- Lisa Osada and Ben Offenberger are financial bloggers and investors with six-figure portfolios.
- They both made thousands in dividends last month.
- They spoke to Insider about how they analyze companies and what stocks are in their portfolios.
This is an edited, translated version of an article originally published on June 6, 2022.
Dividends are an easy way for investors to generate passive income. Two German financial bloggers and investors, Lisa Osada, who runs Aktiengram (Sharesgram), and Ben Offenberger, who runs Beamteninvestor (ExecutiveInvestor), are targeting dividend stocks.
Both have built six-figure portfolios. In May, Osada earned about $3,000 in pre-tax dividends, or about $3,200, while Offenberger earned just under $1,800, or about $2,000. On average, Osada earns about 400 euros per month in dividends and Offenberger about 1,300 euros. Insider has verified these amounts with documentation.
Insider spoke to investors about how they built their dividend portfolios and their advice for others who want to do the same.
“My main tip sounds illogical at first, but it’s hugely important: When building your dividend portfolio, don’t pay attention to the dividend,” said Offenberger, 38, adding, “It should always be about the companies themselves.”
He said investors should ask themselves: What does the business model look like? Is the company able to steadily increase its profits? And does it have what’s called an economic moat, a term made famous by Warren Buffett — meaning the company has an advantage over its competitors that it can maintain and establish its market share?
“After all that, you can start looking at the dividend,” Offenberger said.
Osada said the quality of the company is “always” the most decisive factor. Before investing, she said, she looks closely at how the company makes money and tries to get an idea of how it will develop.
Both investors said they do this analysis on a company before looking at dividend ratios.
Osada and Offenberger said they pay attention to the average historical
and whether the dividends are paid through earnings or through cash flow.
“I make sure that the ratio is not above 75% on average, but also not below 25%,” Osada said, adding that if all of the company’s profits are paid out as dividends and nothing can be reinvested, then no is a good sign.
She also mentioned dividend continuity, or how many years in a row the dividend has been reliably paid and not reduced.
They both said they also look at the average dividend growth rate, which is the rate by which a dividend increases each year.
Offenberger received dividends from nearly 20 companies in May. He mainly focuses on US equities; AT&T, Mastercard, British American Tobacco, Hercules Capital and Omega Healthcare Investors are all in his portfolio.

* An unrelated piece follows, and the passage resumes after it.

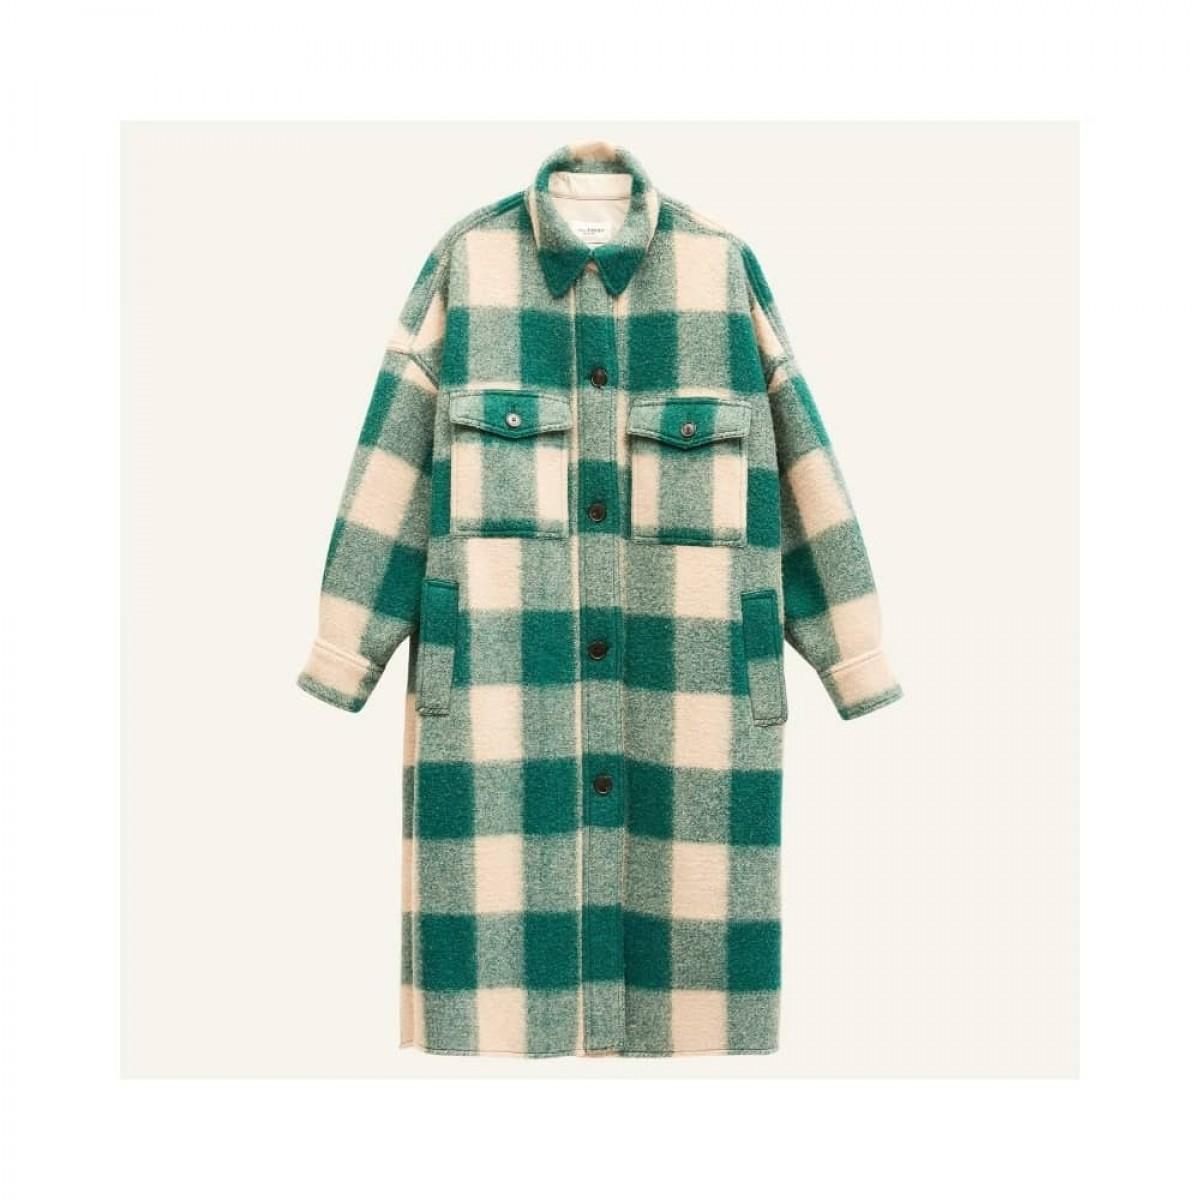 fontizi coat - green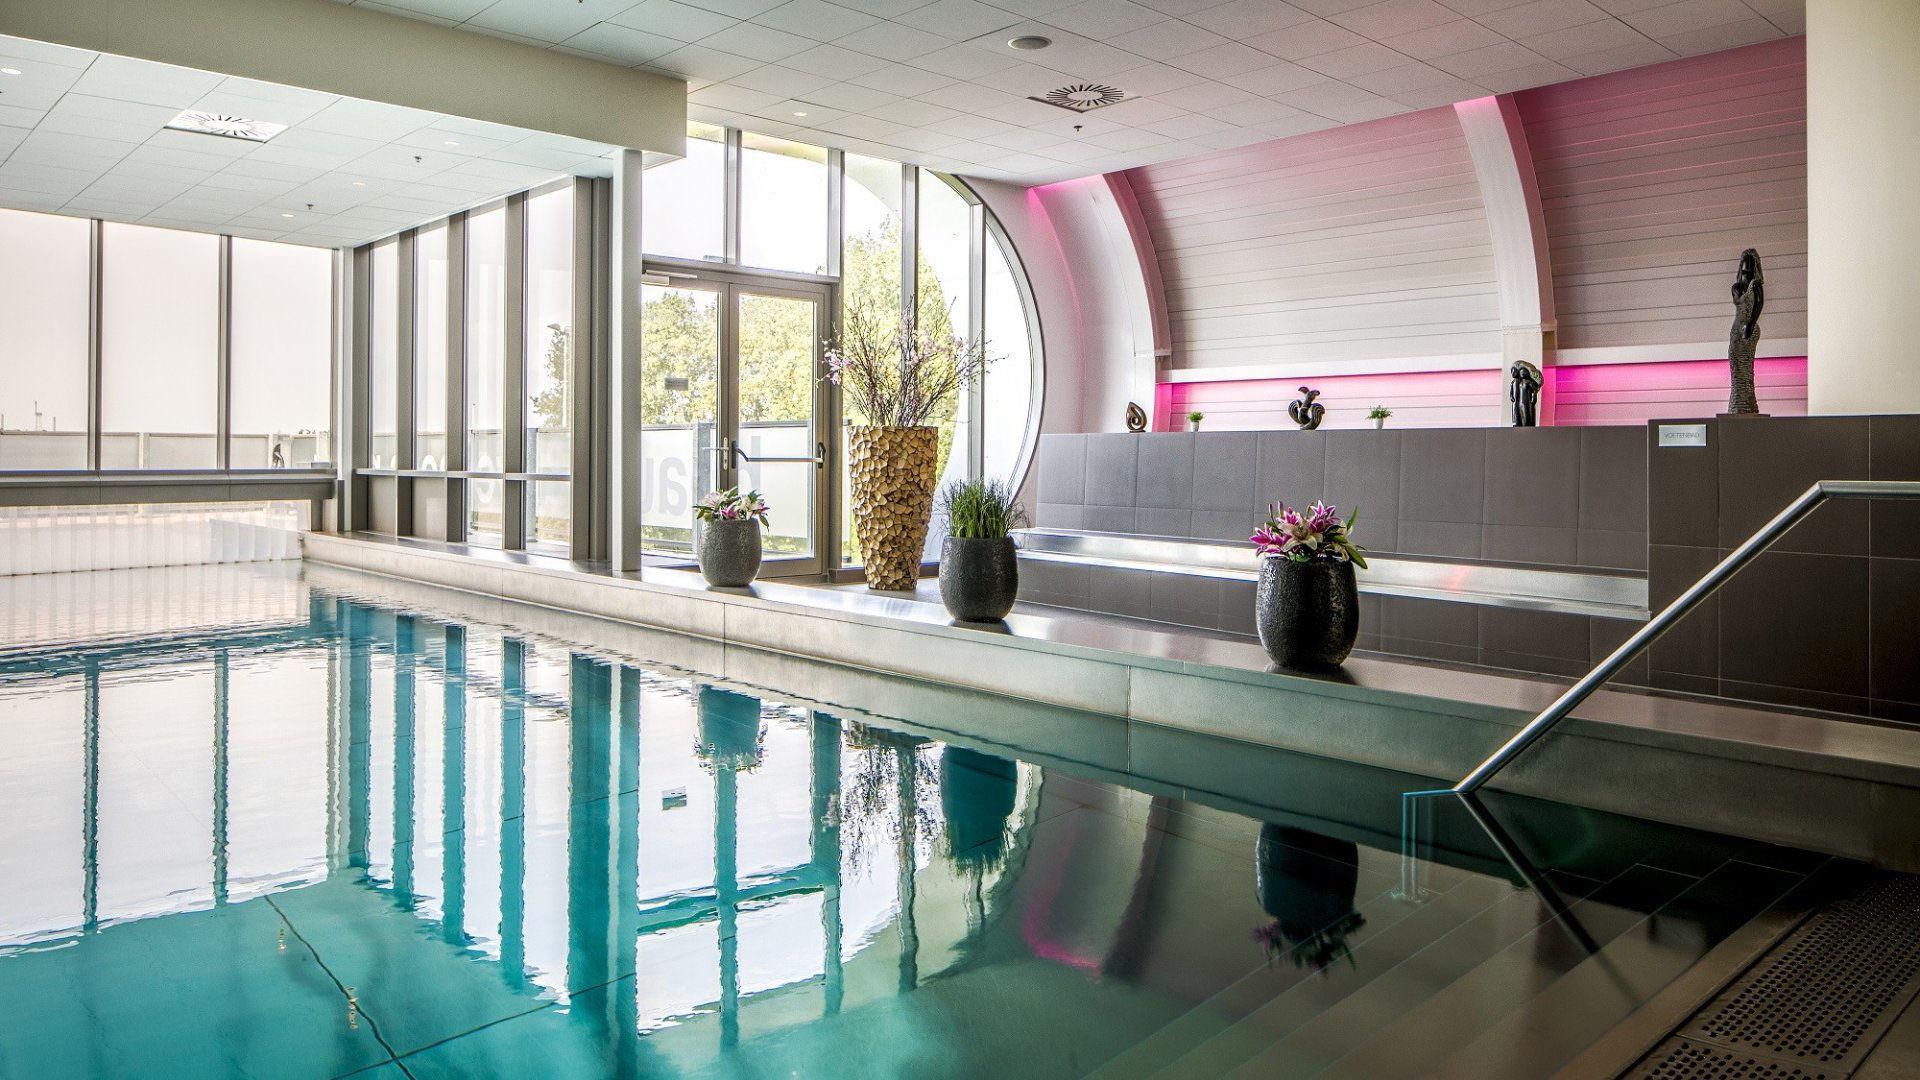 4*-hotel nabij Maastricht incl. entree Wellnessresort Sittard

In May, Osada received dividends from, among others, the German chemical companies BASF and Symrise, the energy company RWE, the insurance company Munich Re, Apple, The Cheesecake Factory, BMW and Mercedes-Benz.
Mercedes-Benz paid her the most dividend, just over 1,777 euros, while BMW paid her 348 euros.
“It is important to mention that I have built Mercedes’ position over many years,” Osada said. She first bought shares in the company in April 2013 and invested about 800 euros, continuing to expand her position.
“Recently, during the COVID-19 crash, I bought a large amount when the price was around 25 euros,” she said.
Offenberger said it’s critical to diversify your portfolio, adding that “this involves covering different sectors as well as mixing stocks with dividend growth and companies with higher dividend yields.”
Osada agreed, saying you should avoid investing all your capital in just a few stocks or one sector or focus on just one dividend metric in a stock.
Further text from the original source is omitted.